Ideally we all, as an industry, will stop accepting this as reasonable excuse for the demonstrated incompetence

It's not that you're prompting it wrong. It's that you're judging the output against a standard (human intelligence) that just isn't relevant--no matter how much we want it to be and no matter how much the fluency of the output tricks us into thinking there's a human-like mind behind it.

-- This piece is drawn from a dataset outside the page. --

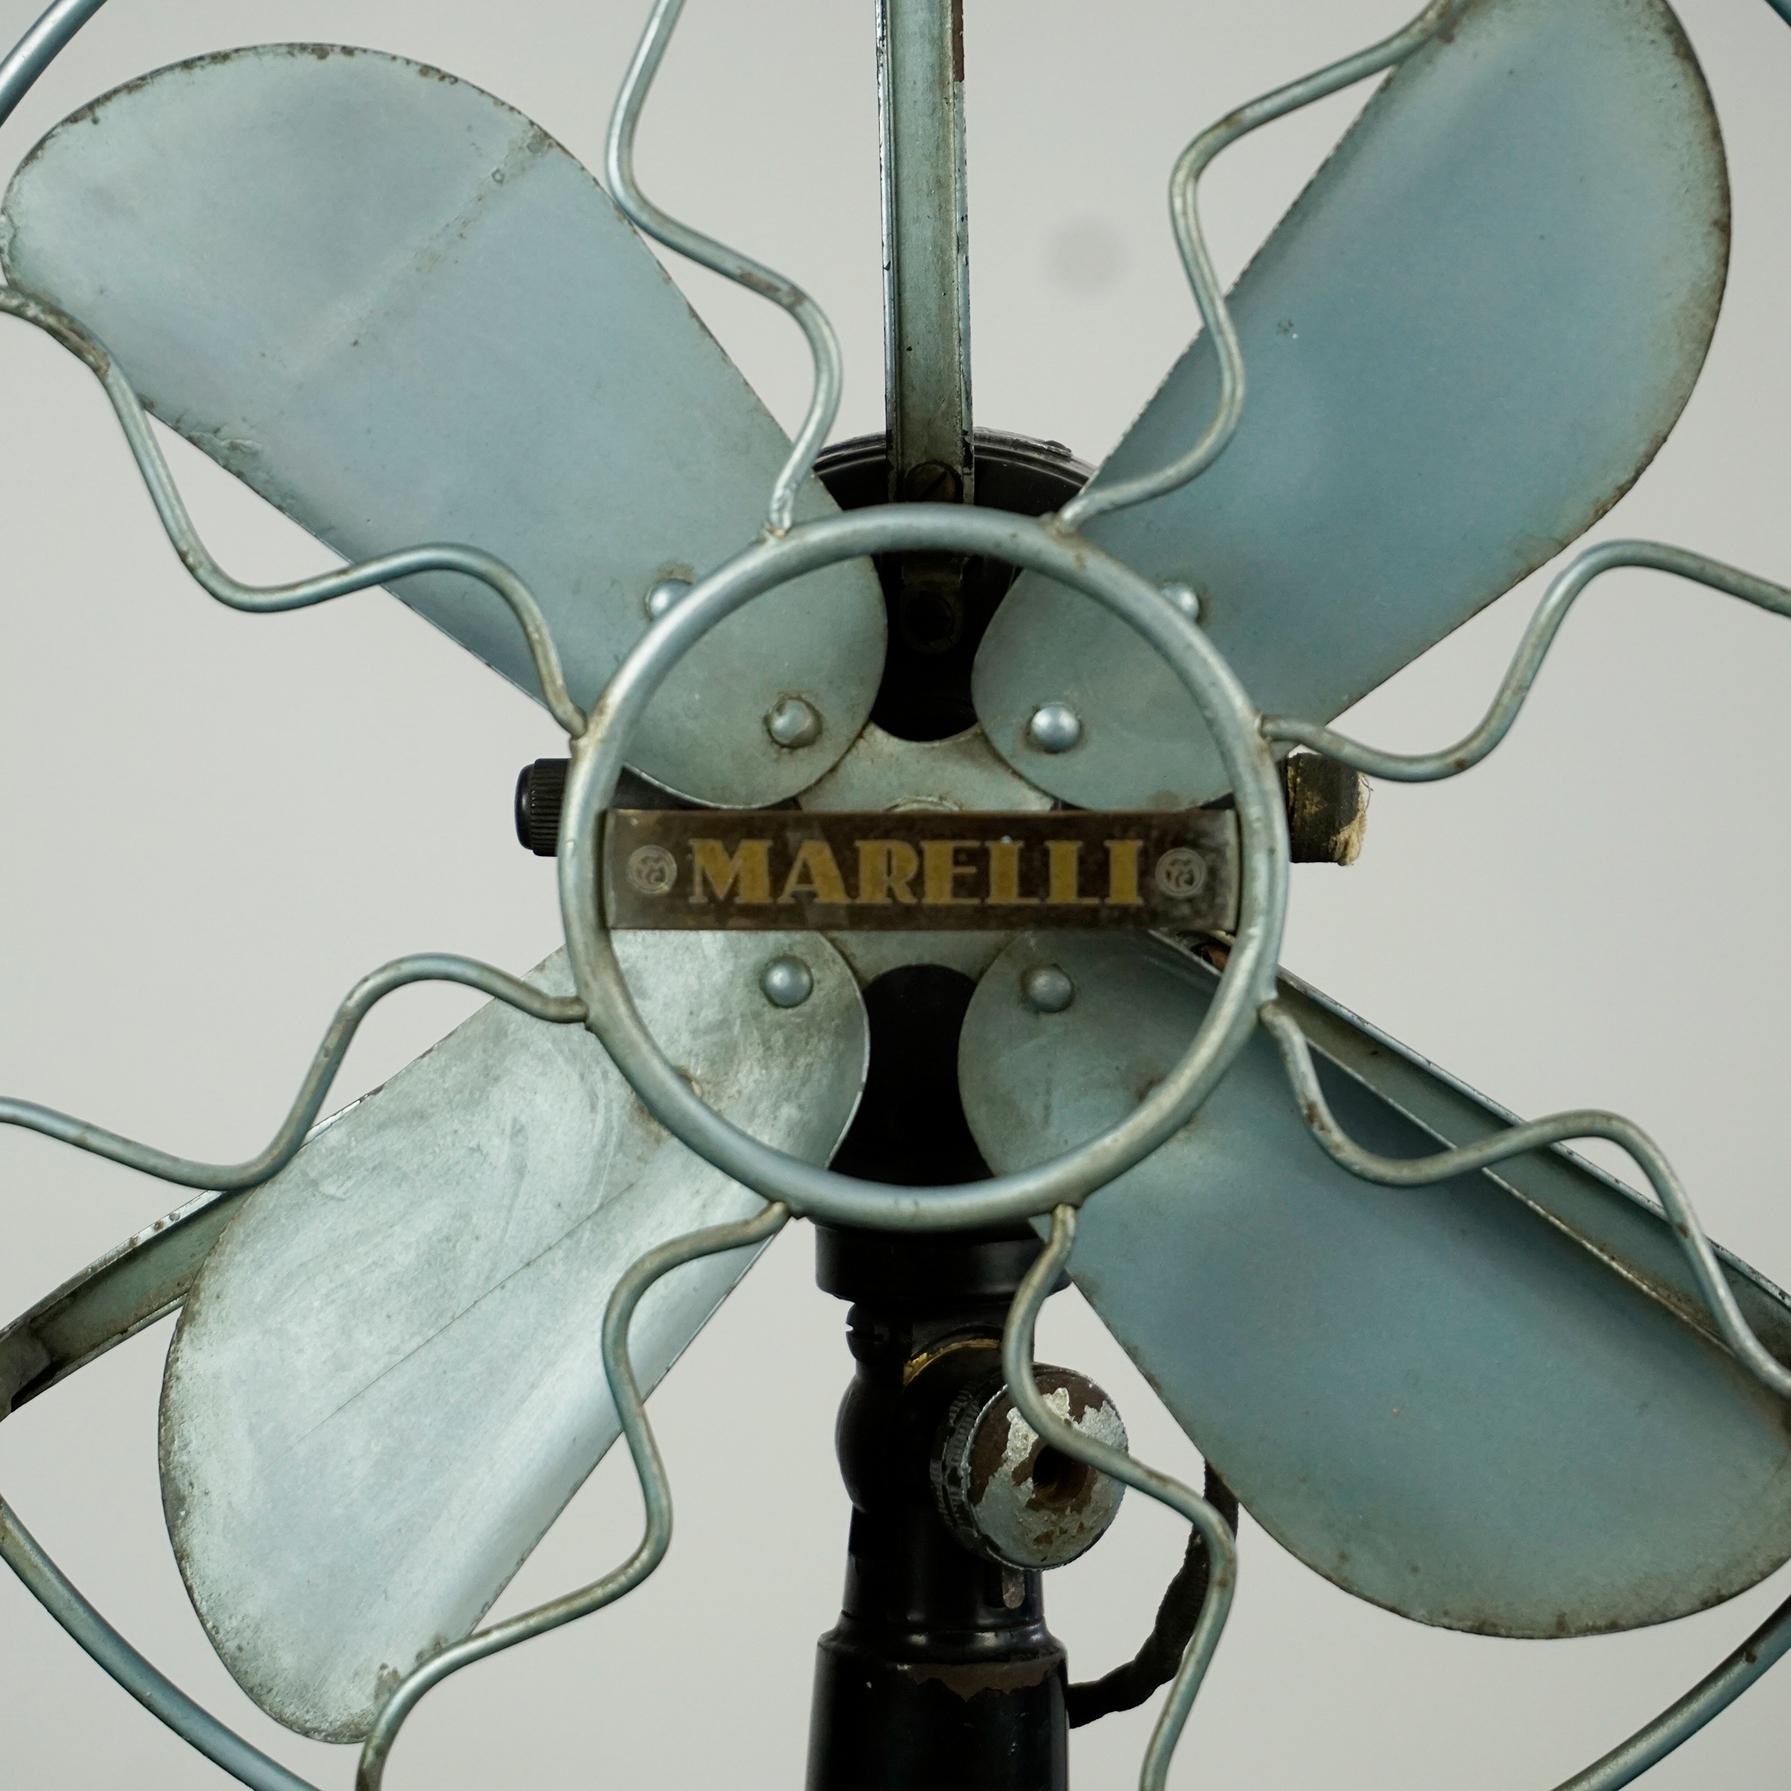 Mid-20th Century 0riginal Vintage Industrial Art Deco Table Fan by Marelli Italy
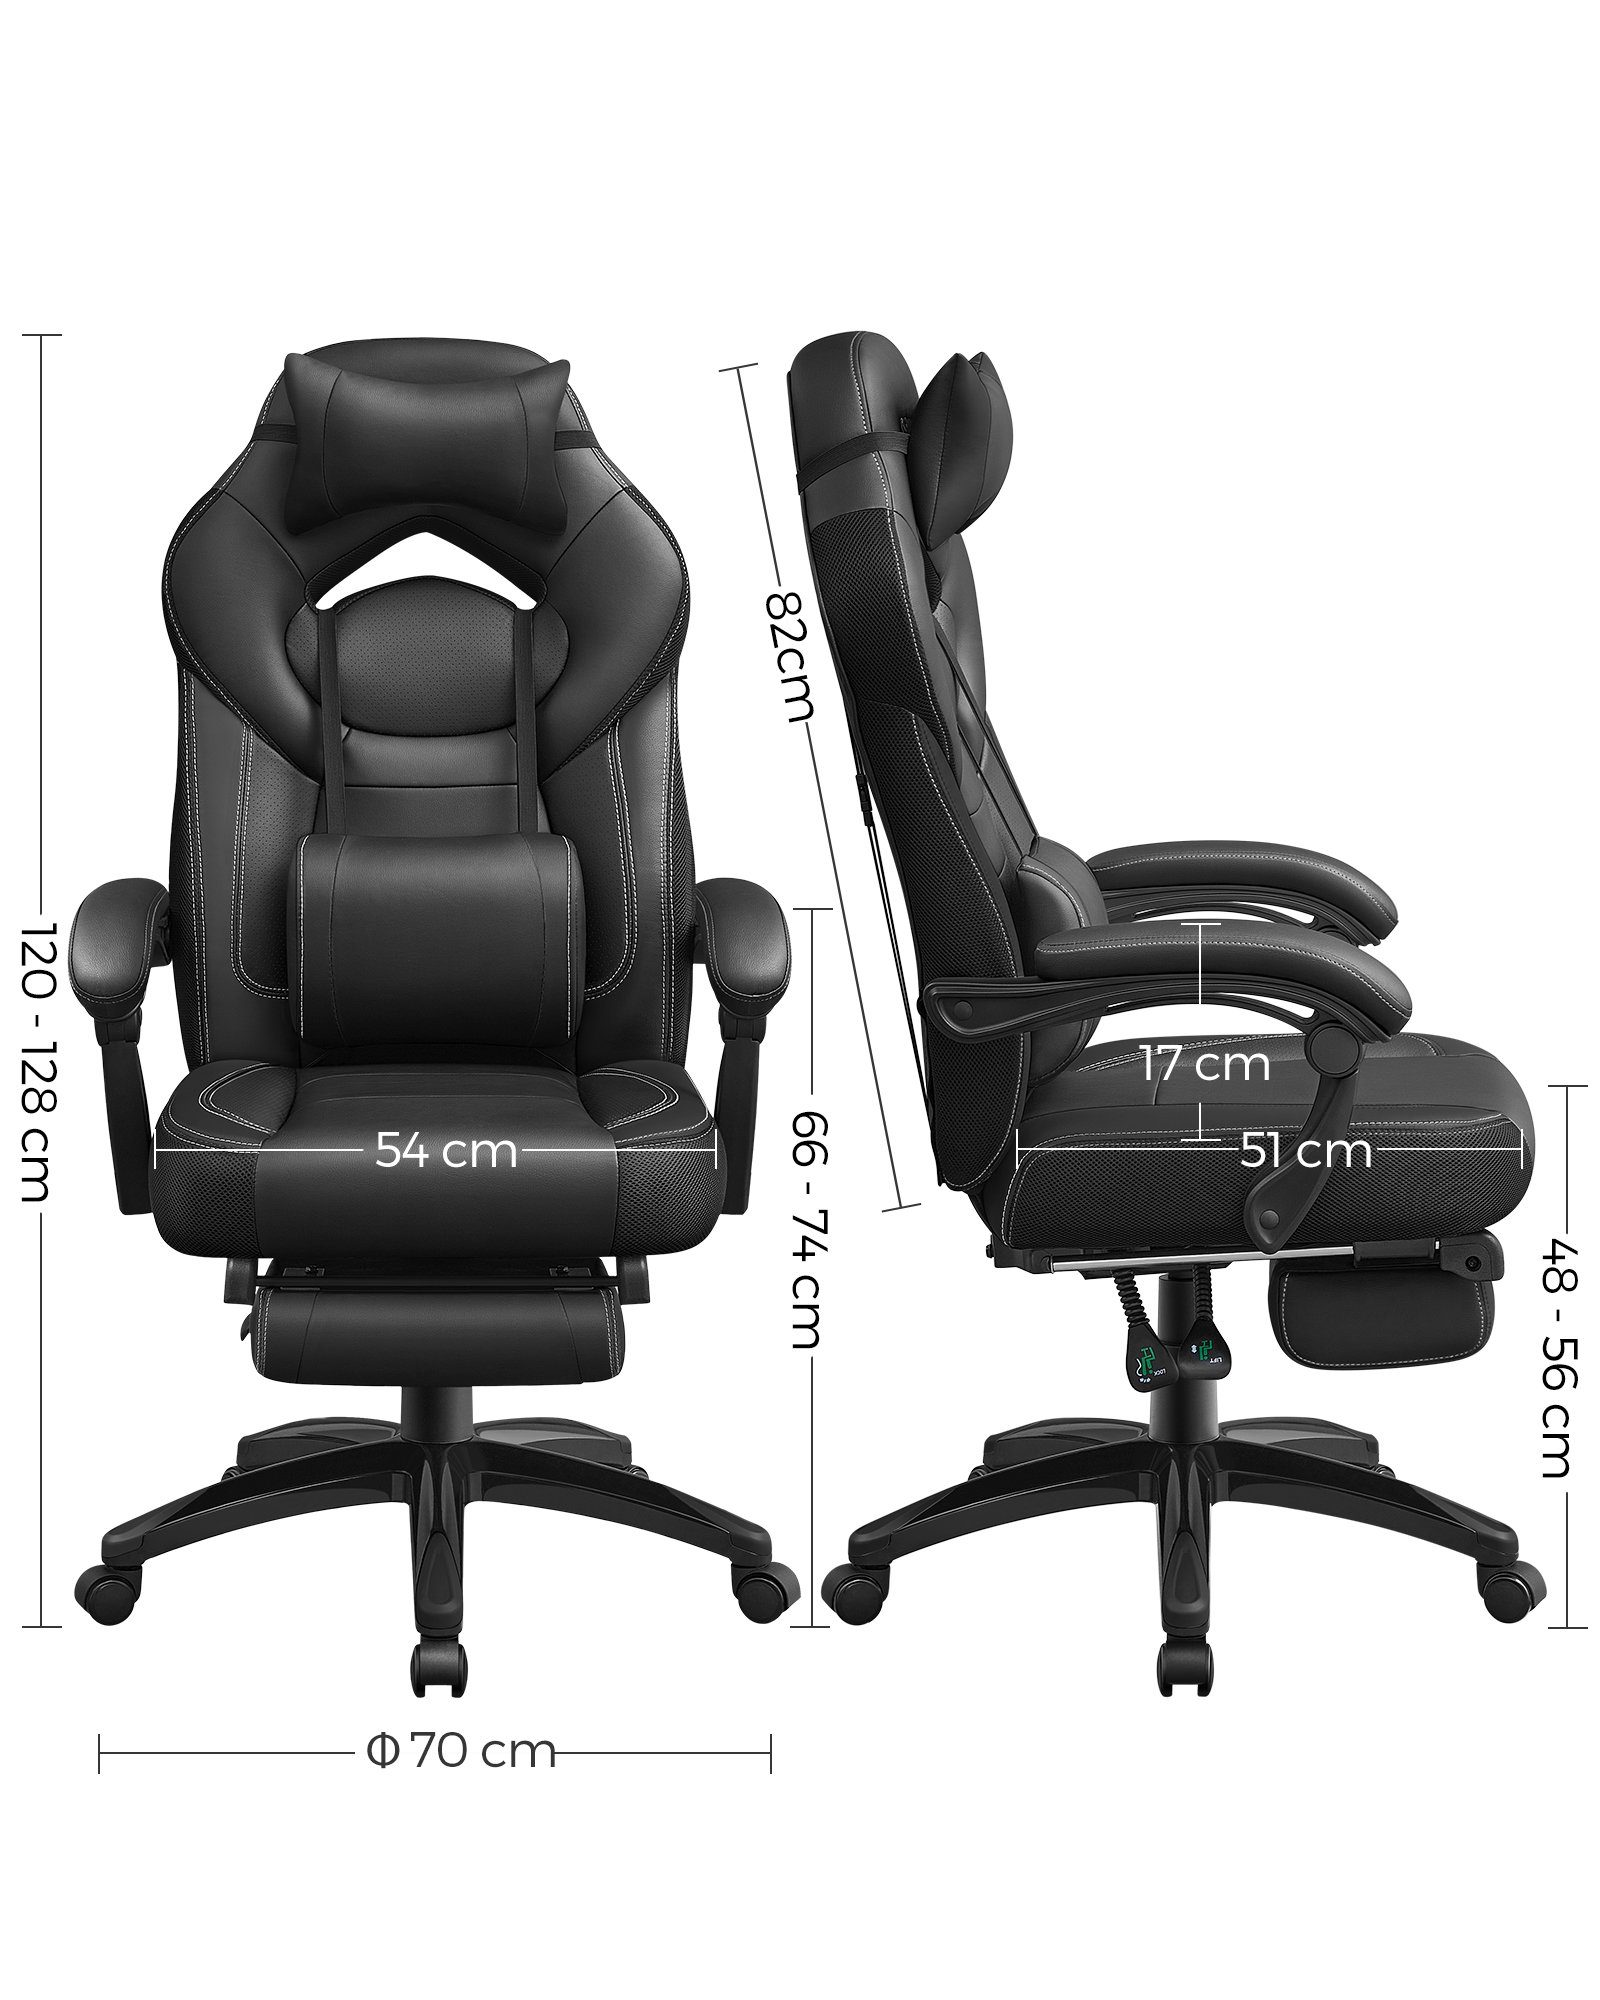 höhenverstellbar, Home-Office SONGMICS Bürostuhl, Gaming-Stuhl, schwarz

Now granted, if the boat salesmen were pushing hard on the idea that the boat would fly and even put little wings on the side and I bought the boat I might get really angry when I found out that it didn't fly. And I might angrily storm into the salesroom yelling about how the design is defective. But if someone pointed out 'hey, it's a boat perhaps you should stick to sailing around in it and stop getting your undies in a bundle about it not flying' the correct response is probably to take a closer look, ignore the salesmen, and cruise around the lake. LLM's are quite handy at some things and have some weird limits. Learn the limits, enjoy your time at sea.

  • > It's not that you're prompting it wrong. It's that you're judging the output against a standard (human intelligence) that just isn't relevant

    It's not that you're holding it wrong, you're just wrong for expecting it to work the way it's described (able to one shot most problems these days).